_Instructions to follow_
Write out only the lines from the line containing "Yuki Nagato" to the end of the listing below, both included, exactly as they stand. Drop the pictures.

_Information provided_
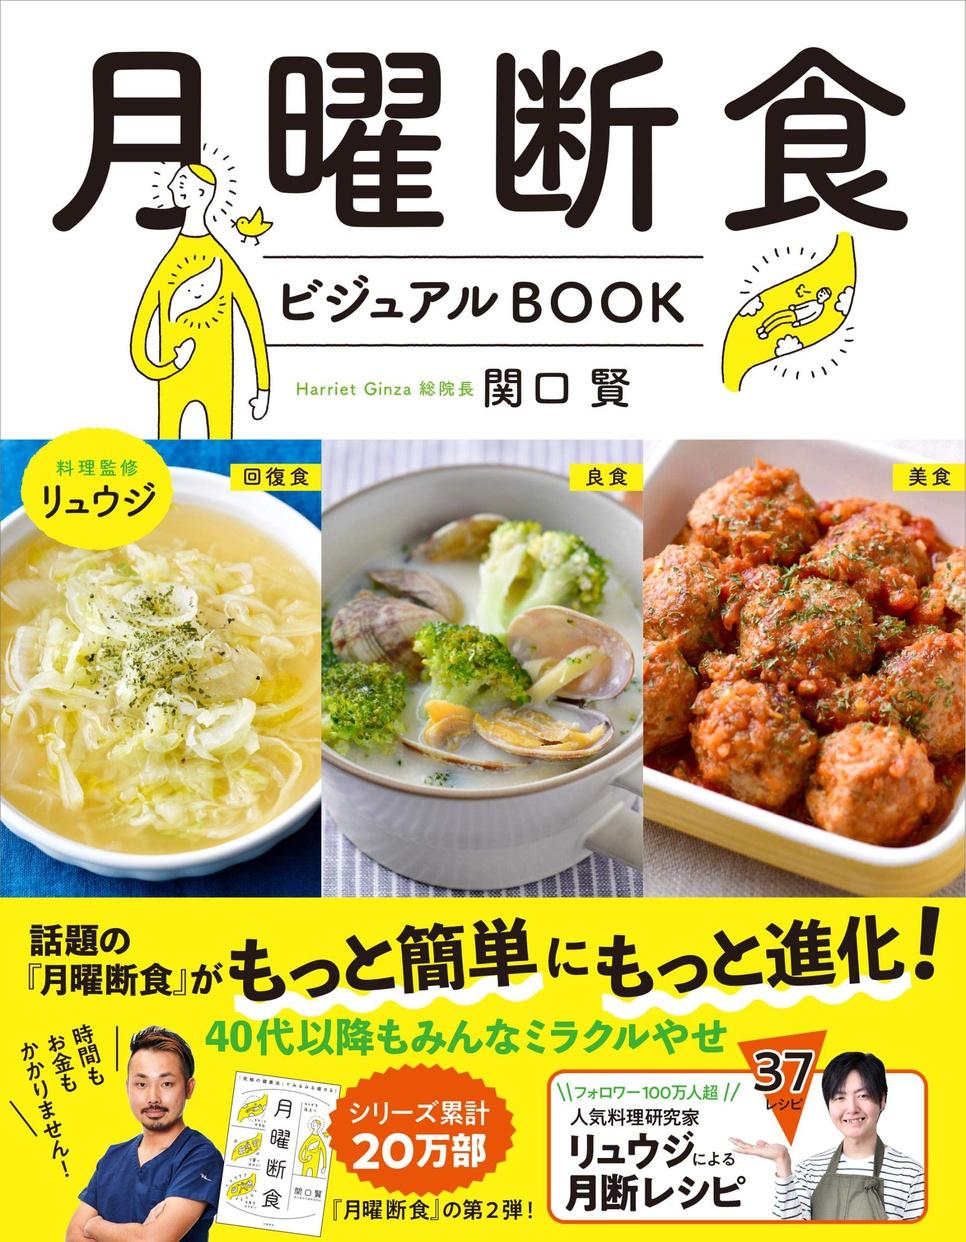 文藝春秋 月曜断食ビジュアルBOOKの商品画像
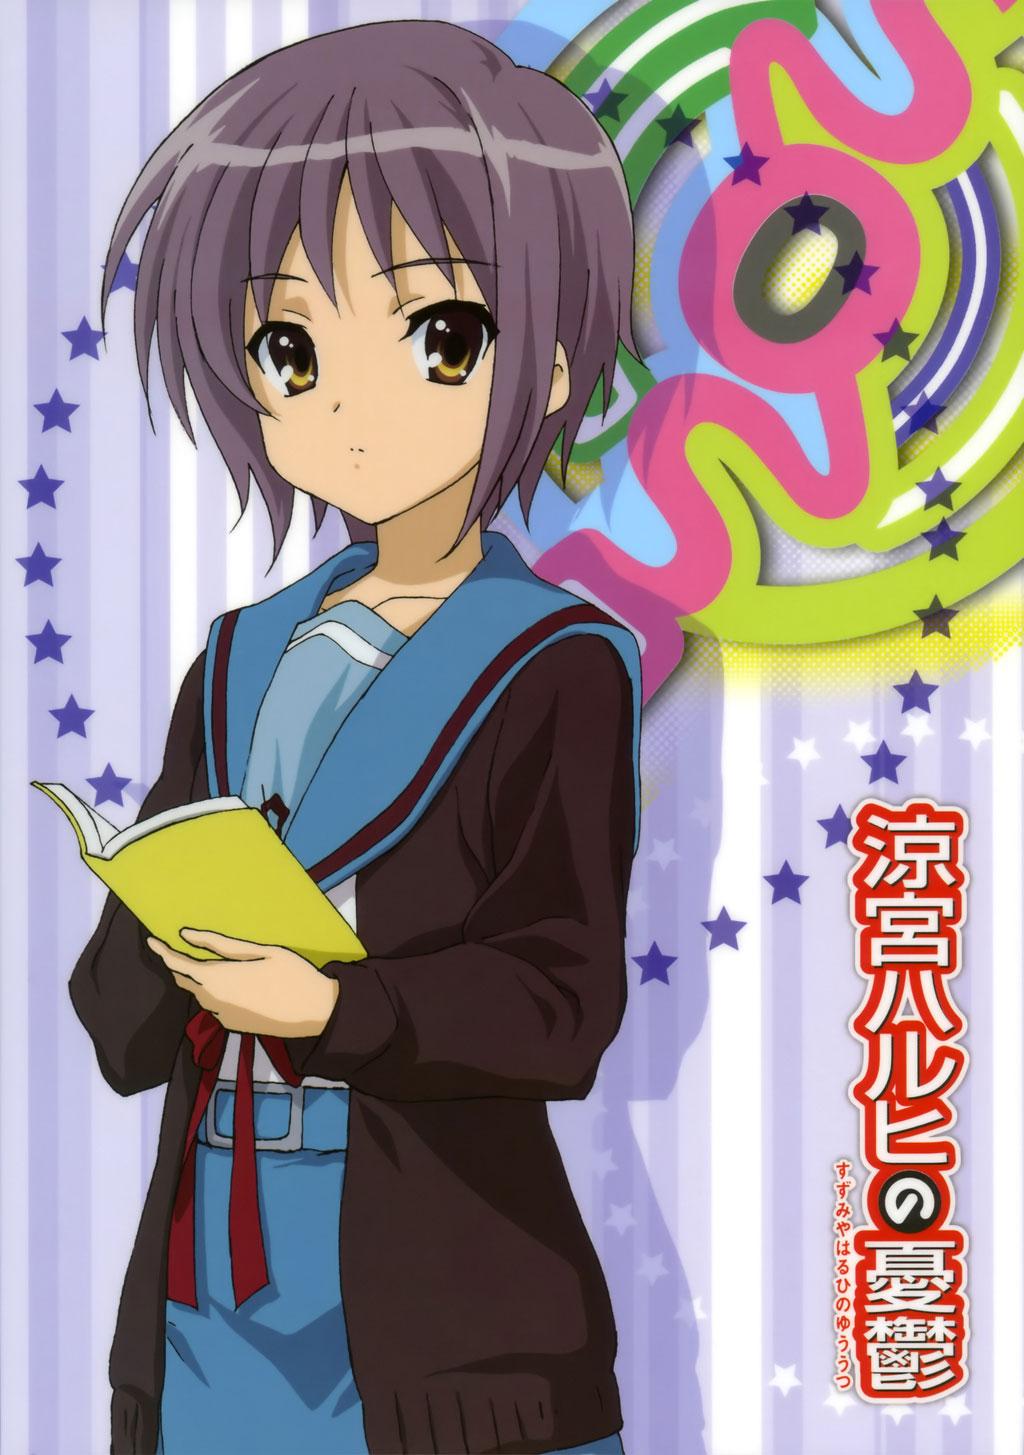 Yuki Nagato
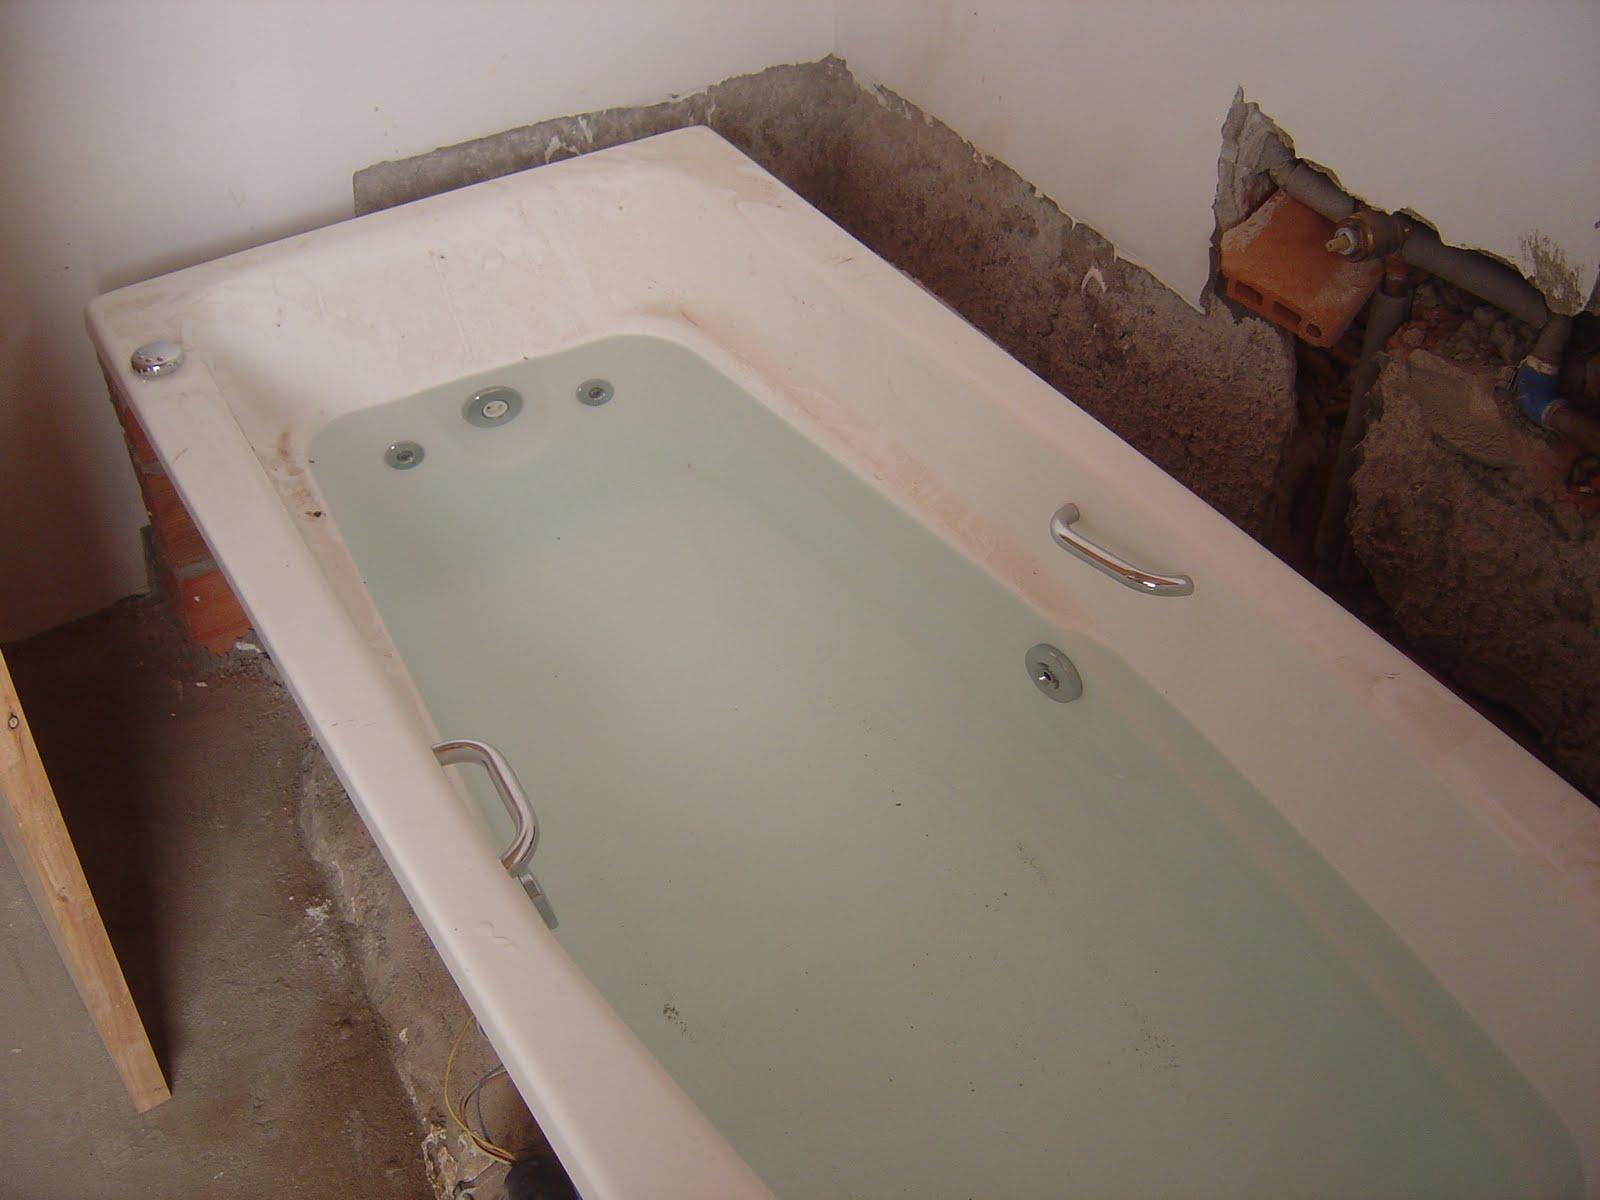 da banheira e liberar a finalização do banheiro da suíte #8B6840 1600x1200 Banheiro Com Banheira Antiga

_Reply_
 Yuki Nagato
 da banheira e liberar a finalização do banheiro da suíte #8B6840 1600x1200 Banheiro Com Banheira Antiga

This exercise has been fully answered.